> _What you have to do_
Before copying, find the line below that contains "diferentes peinados para pelo ondulado"; then return it and all later lines exactly, up to and including the final line, with no pictures.

> _Supplied data_
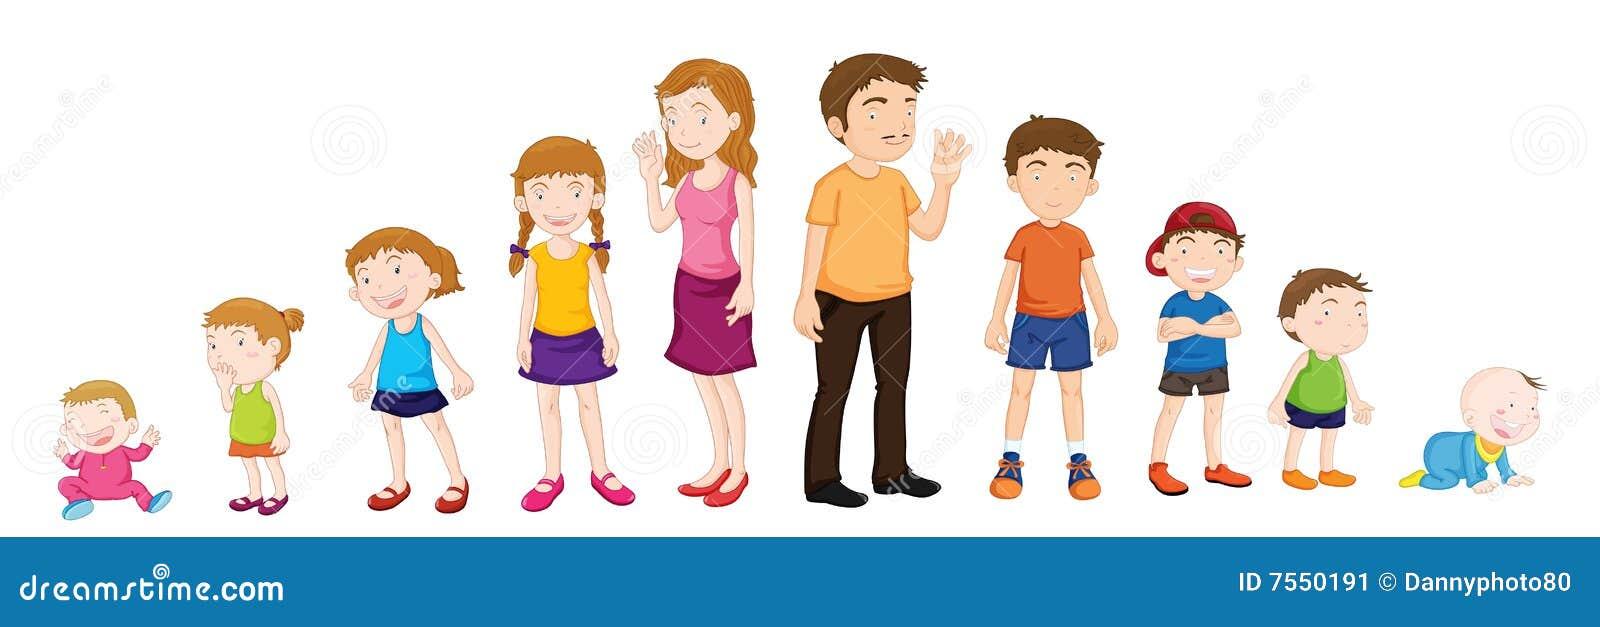 groei en gewichtscurve kind
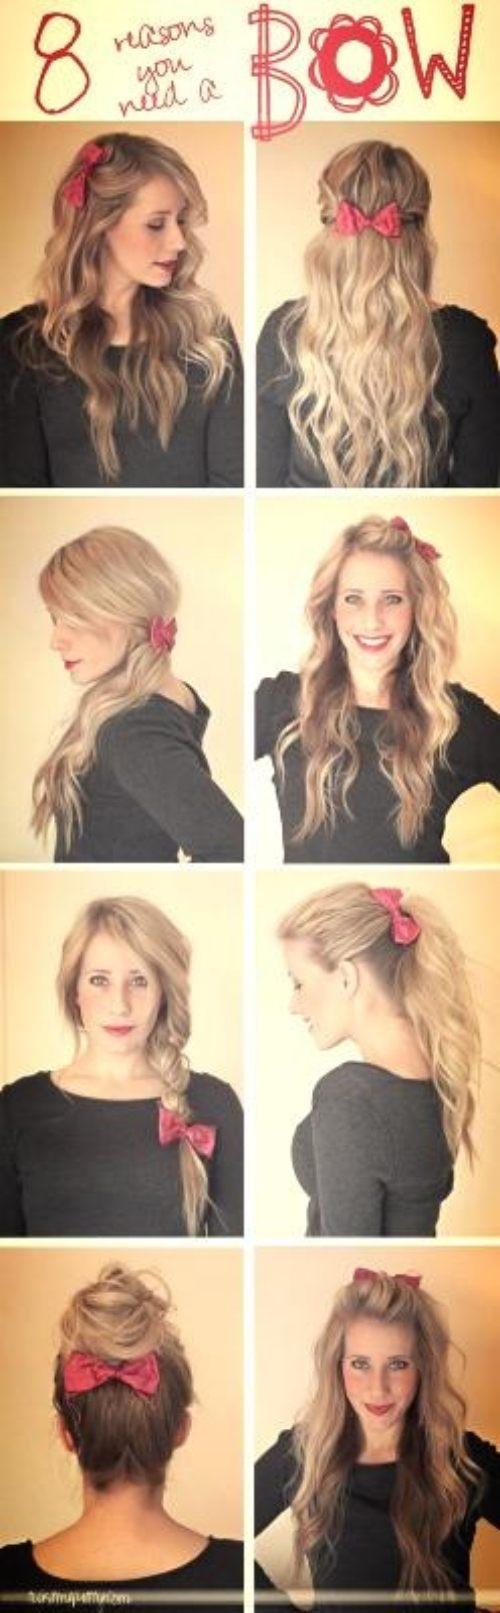 diferentes peinados para pelo ondulado
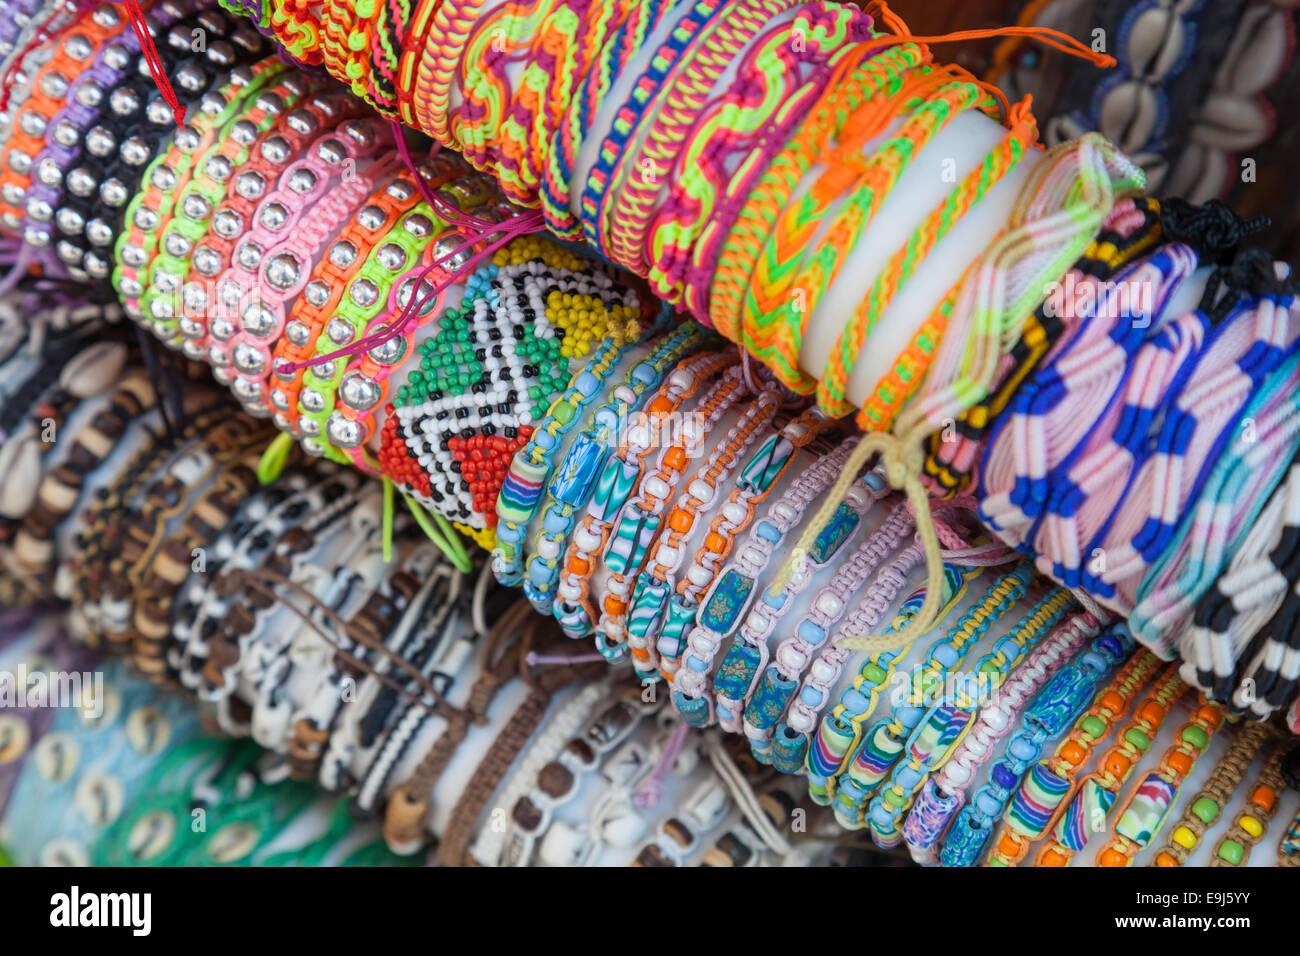 012b7bb39eed Coloridas pulseras artesanales hechas de abalorios e hilo en el ...

> _Solution for this task_
 diferentes peinados para pelo ondulado
 012b7bb39eed Coloridas pulseras artesanales hechas de abalorios e hilo en el ...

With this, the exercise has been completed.